As a reminder, this conference call is being webcast. To access the webcast, please go to the Investors Section of Navios Partners website at www.navios-mlp.com. You'll see the webcasting link in the middle of the page and a copy of the presentation referenced in today's earnings conference call, which can also be found there. Now I'd like to review the Safe Harbor statement. This conference call could contain forward-looking statements within the meaning of the Private Securities Litigation Reform Act of 1995 about Navios partners.
Forward-looking statements are statements that are not historical facts. Such forward-looking statements are based upon the current beliefs and expectations of Navios Partners' management and are subject to numerous material risks and uncertainties which could cause actual results to differ materially from the forward-looking statements. Such risks are more fully discussed in Navios Partners' filings with the Securities and Exchange Commission, including the company's most recent 20-F. The information discussed in this conference call should be understood in light of such risks. Navios Partners does not assume any obligation to update the information contained in the conference call.
The agenda for today's call is
as follows: First, Mrs. Frangou will offer opening remarks; next Mr. Desypris will give review of Navios Partners' financial results; then Mr. Achniotis will provide an operational update and industry overview; and lastly we'll open the call to take questions. Now I'll turn the call over to Navios Partners' Chairman and CEO, Mrs.

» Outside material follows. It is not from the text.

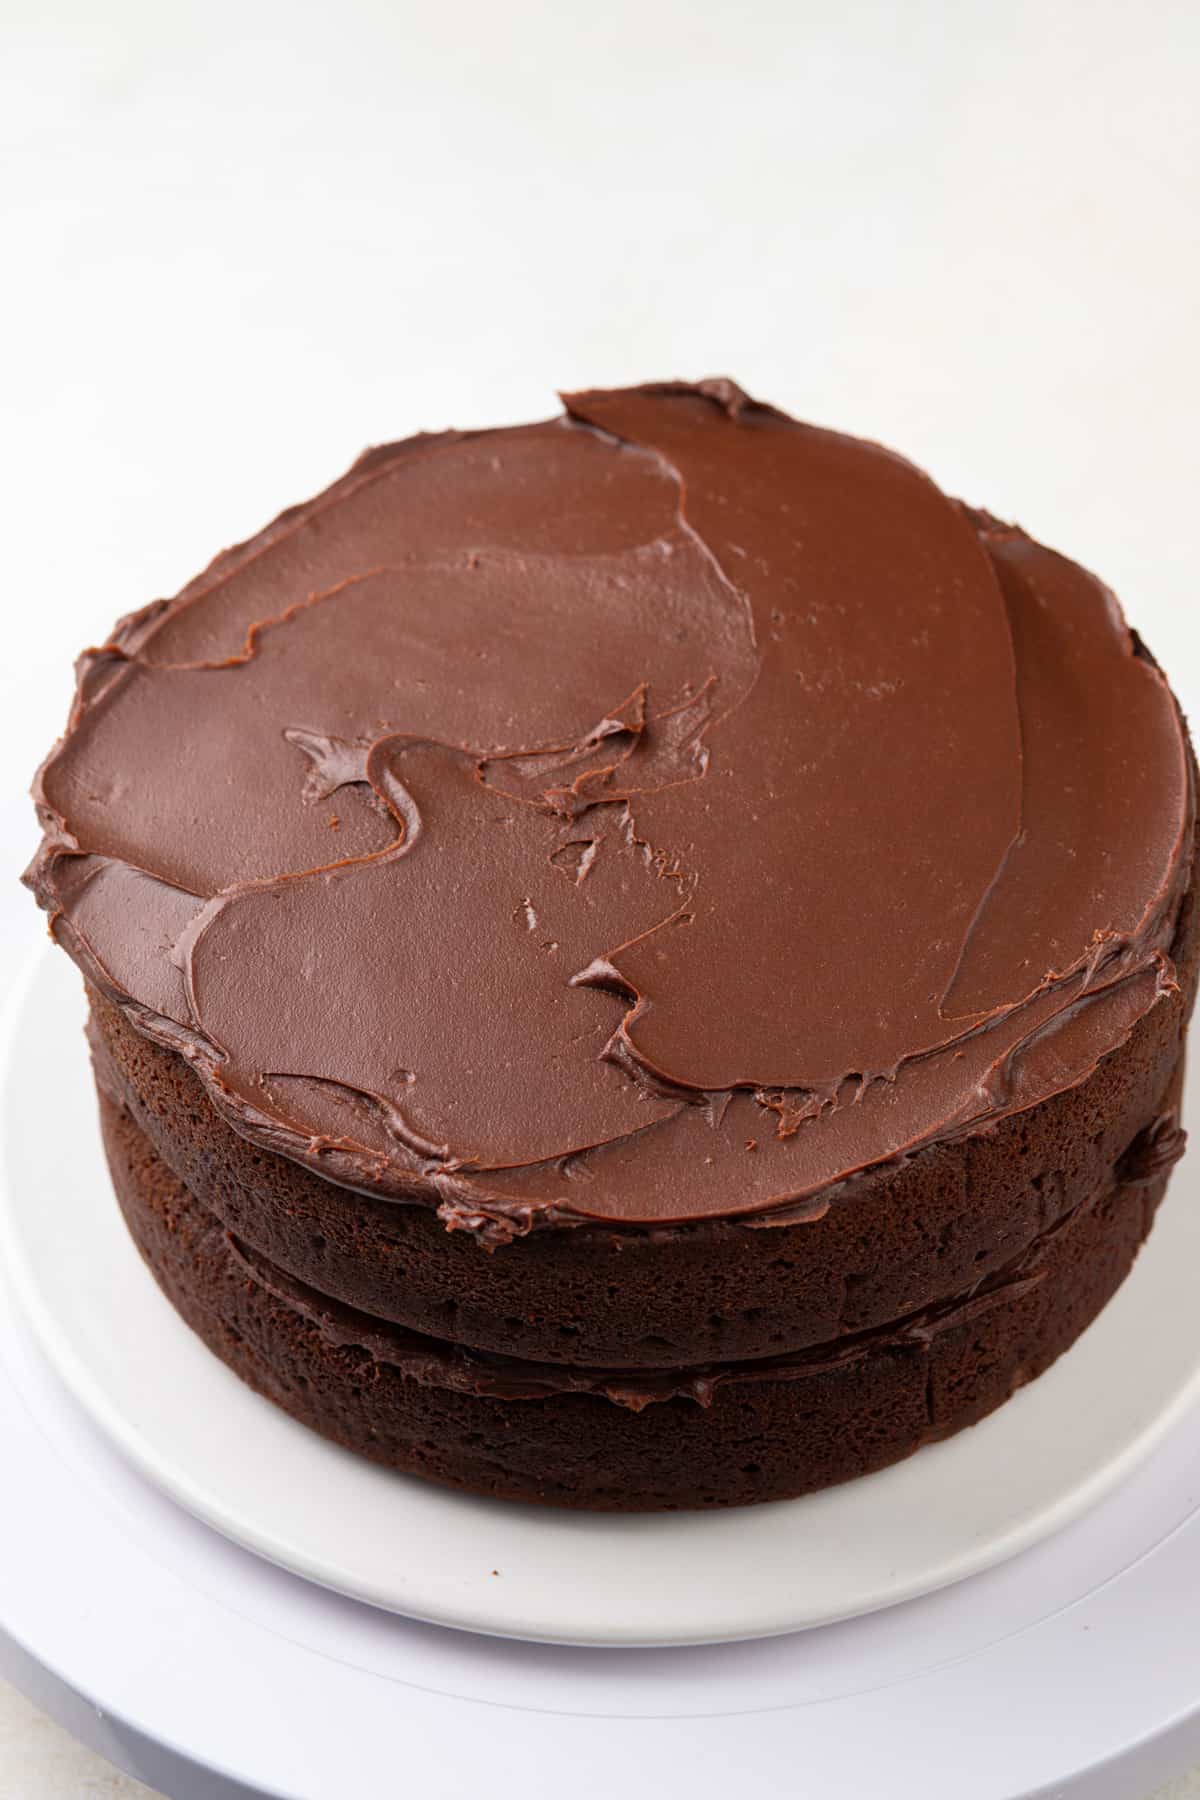 two layers of chocolate guinness cake stacked on a cake plate and topped with chocolate ganache frosting.

Angeliki Frangou. Angeliki.
Angeliki Frangou: Thank you, Laura, and good morning to all of you joining us on today's call. For the second quarter of 2017 Navios Partners reported revenue of $50 million and adjusted EBITDA of $32.2 million. Last year was a challenging run for the Drybulk market with the BDI reaching the historical low in the first quarter of 2016.
Also last year, was an extraordinarily difficult year for the container sector, as it suffered from the adjustment to the enlargement of the Panama canal and [Indiscernible] structuring, which led to industry consolidation. The sustainability of many Maritime companies was tested. Navios’ strong balance sheet and disciplined cost management allow us to weather the storm and prosper. As you can see from Slide 4, today, NMM owns 37 vessel fleet consisting of 30 drybulk vessels and 7 container vessels. Recently, we formed Navios Maritime Containers Inc, a growth vehicle dedicated to opportunities within the container sector.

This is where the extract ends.